Each person is a soul with a special role to play in the world.

He returned to Jerusalem in the end of 2007, just in time for Rosh Hashana and Yom Kippur, and since then has been learning full time at Aish HaTorah . "It's an inspiring place, a Jewish education in an open environment," he says. "I used to fear that if I became religious, I would have to be black and white, losing my own real self and talents. I found at Aish that in Judaism, each person is a neshama (soul) who has a special role to play in the world. Every Jew has his way to serve the Almighty."

Trekking Across Israel

Cohen will live out his own individual form of Jewish self-expression by embarking on a grueling hike across the length and breadth of the Land of Israel, a fundraising effort aimed at gaining financial support for impoverished children. The challenging trek extends some 950 kilometers, from Tel Dan in the northern Lebanese border to southern Eilat, and includes mountains and waterfalls as well as deserts, beaches, and cities.

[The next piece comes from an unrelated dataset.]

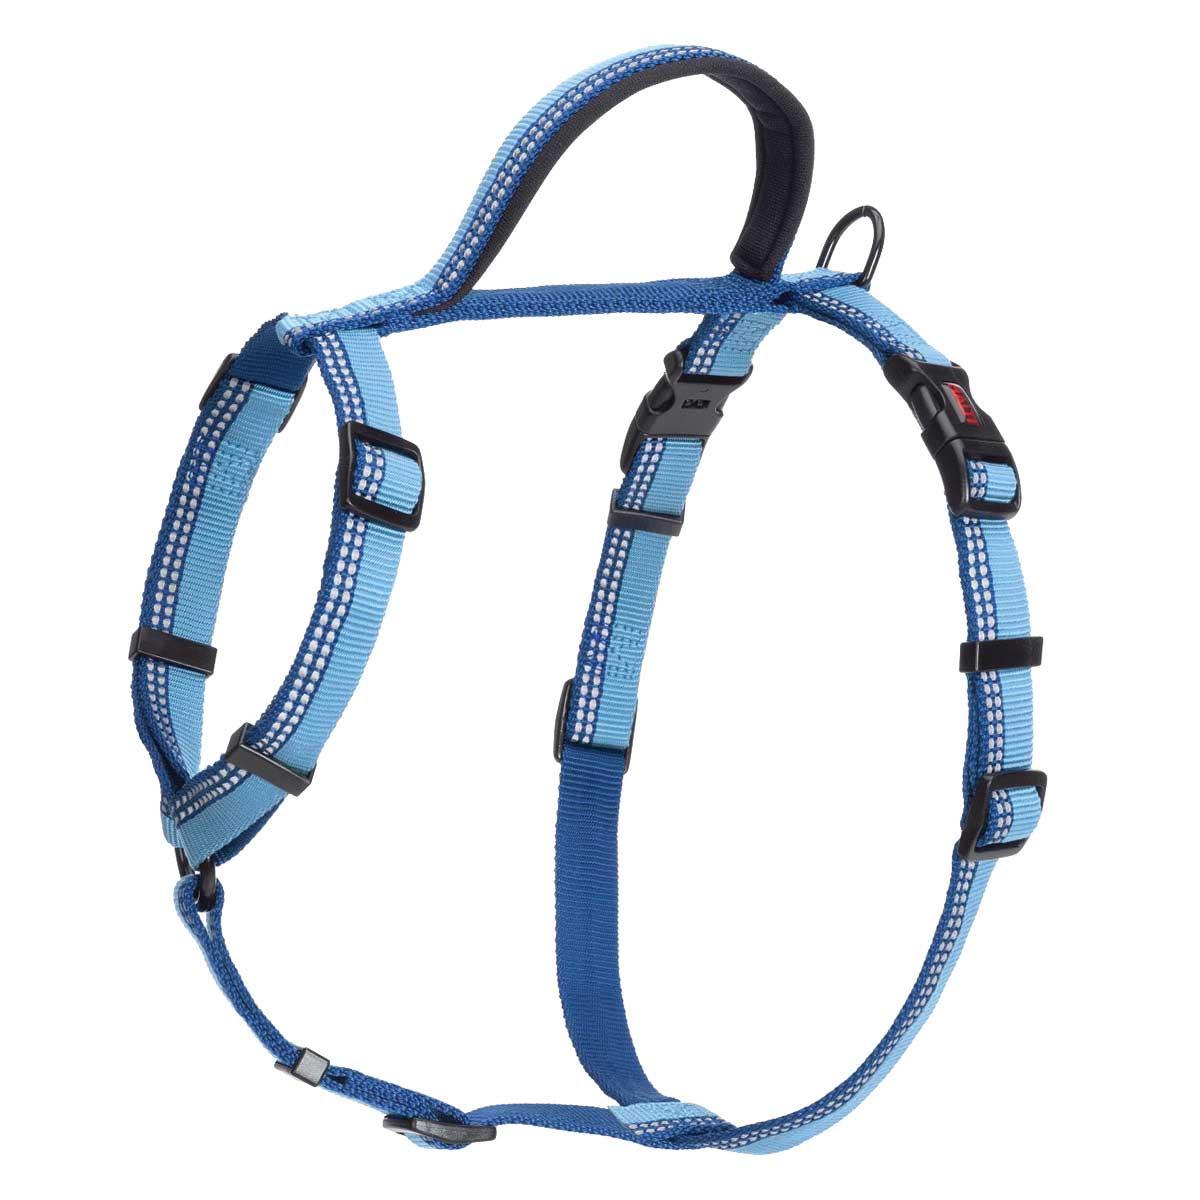 Halti Walking Harness Medium Blue 22 inches -30 inches

Some of the funds are allocated to two projects for underprivileged Jewish children in Israel. One is called Beit Hayeled, where abandoned and abused youngsters are nurtured at a warm, loving children's home on a religious kibbutz in northern Israel. Another is the Forgotten People Fund, helping the plight of Ethiopian Jewish children in Netanya. That organization strives to alleviate the suffering caused by poverty, unemployment and domestic violence in the Ethiopian community.

Some of the funds raised will also go to support African children in the Malawi orphanage where he recently volunteered. This children's home, run by the Kuunika organization, feeds and educates over 200 children.

"The kids have so much potential and desire to achieve, but no real opportunity to realize their dreams," asserts Cohen. "I know the children well, since I spent time there teaching them, working the land, singing, dancing, doing exercise with them, trying to instill inspiration and hope into their lives." Now he wants to raise funds to give these impoverished African children food, a better education and ongoing support.

Cohen is convinced that it is his duty to help both Jewish and non-Jewish children, not to limit his charitable activities only to the needs of Jewish youngsters. "I don't believe God would take me to see these non-Jewish kids in need, if He didn't want me to help them," Cohen declares. "Every human being is created in God's image. The Almighty loves them also, and it's my duty to do something about their plight."

"I believe that we have a duty as Jews to look after our own Jewish 'family' first and foremost, and we shouldn't be ashamed to do so. Once we sort ourselves out, we can be of more help to the rest of the world. However, our duty does not necessarily end there. Our purpose is to fix the world (tikkun olam) and be a light unto the nations."